Andrew Little hears what having a conviction for homosexuality quashed means to one man

A man who fought for decades to be cleared of criminal convictions for homosexuality met with Andrew Little this week, to tell the Justice Minister what a recent law change means to him.

This week, Parliament unanimously voted for a Bill that enables men convicted of homosexual offences to have their records wiped clean.

The man, who we’ll call John to respect his wish to remain anonymous, is one of approximately a thousand New Zealanders who still have a historical criminal conviction for homosexuality.

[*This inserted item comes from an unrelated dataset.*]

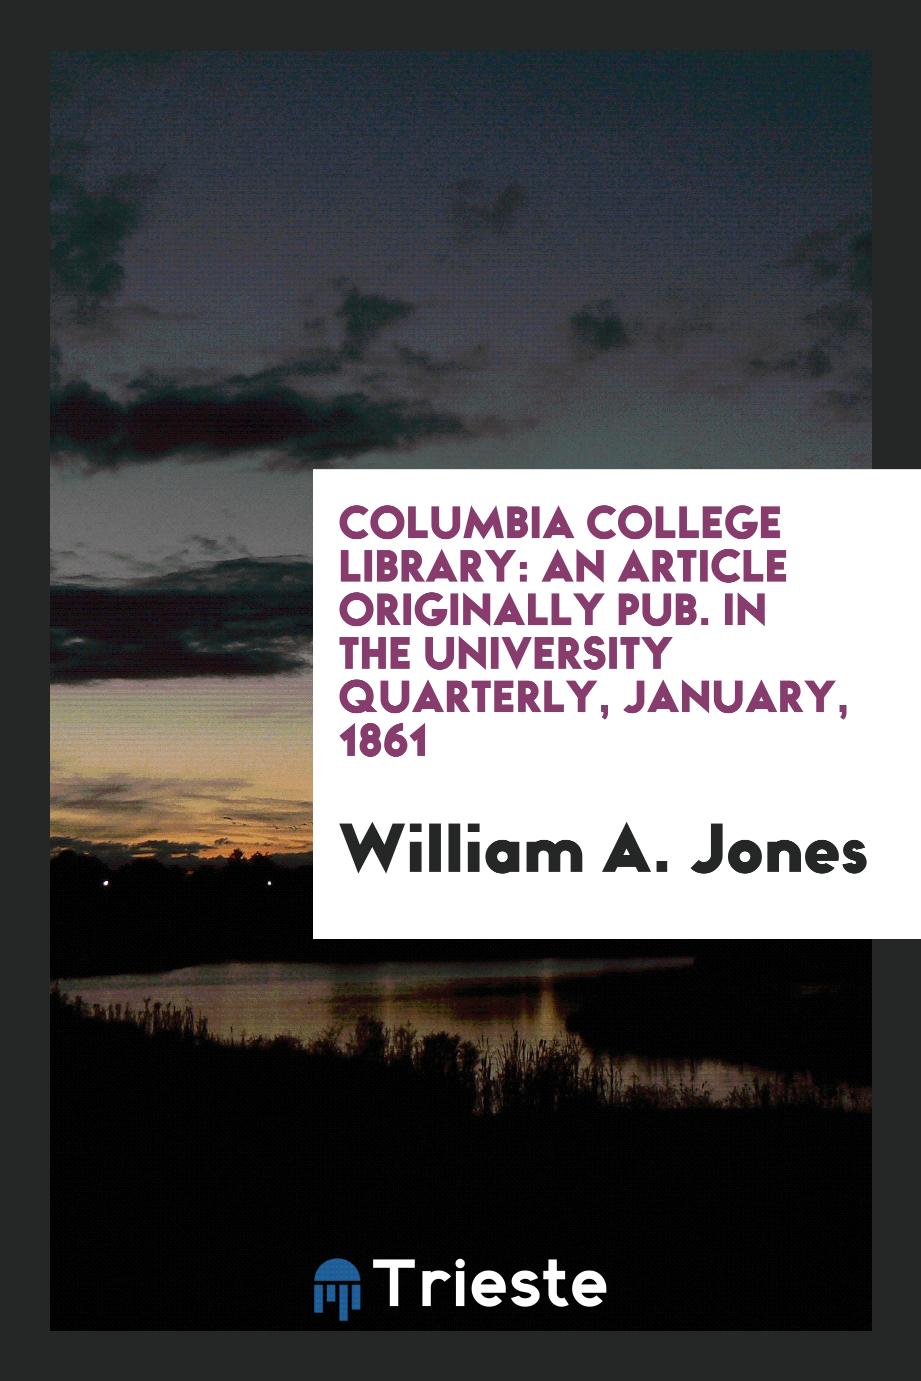 Columbia College Library: An Article Originally Pub. in the University Quarterly, January, 1861

The Criminal Records (Expungement of Convictions for Historical Homosexual Offences) Bill introduces a scheme to expunge convictions for men for offences that were decriminalised by the Homosexual Reform Act 1986. Homosexuality was a crime in New Zealand until the 1986 Act was passed.

"No one should be forced to go through the court system just for who they are," says John.

He told Andrew Little about his experience with police, who would use threats of public shaming to force a guilty plea:

"The cops rang my lawyer and said 'Tell him to plead guilty or we'll make sure it goes in The Truth [newspaper]."

Mr Little told Newshub Nation he was pleased the Bill passed.

"A real hallmark of this law was that Parliament was unanimous, both left and right. It showed that it shouldn't be the province of politics to argue about your rights because of your sexual identity."

John says the new law is "probably the best thing that's happened in modern history".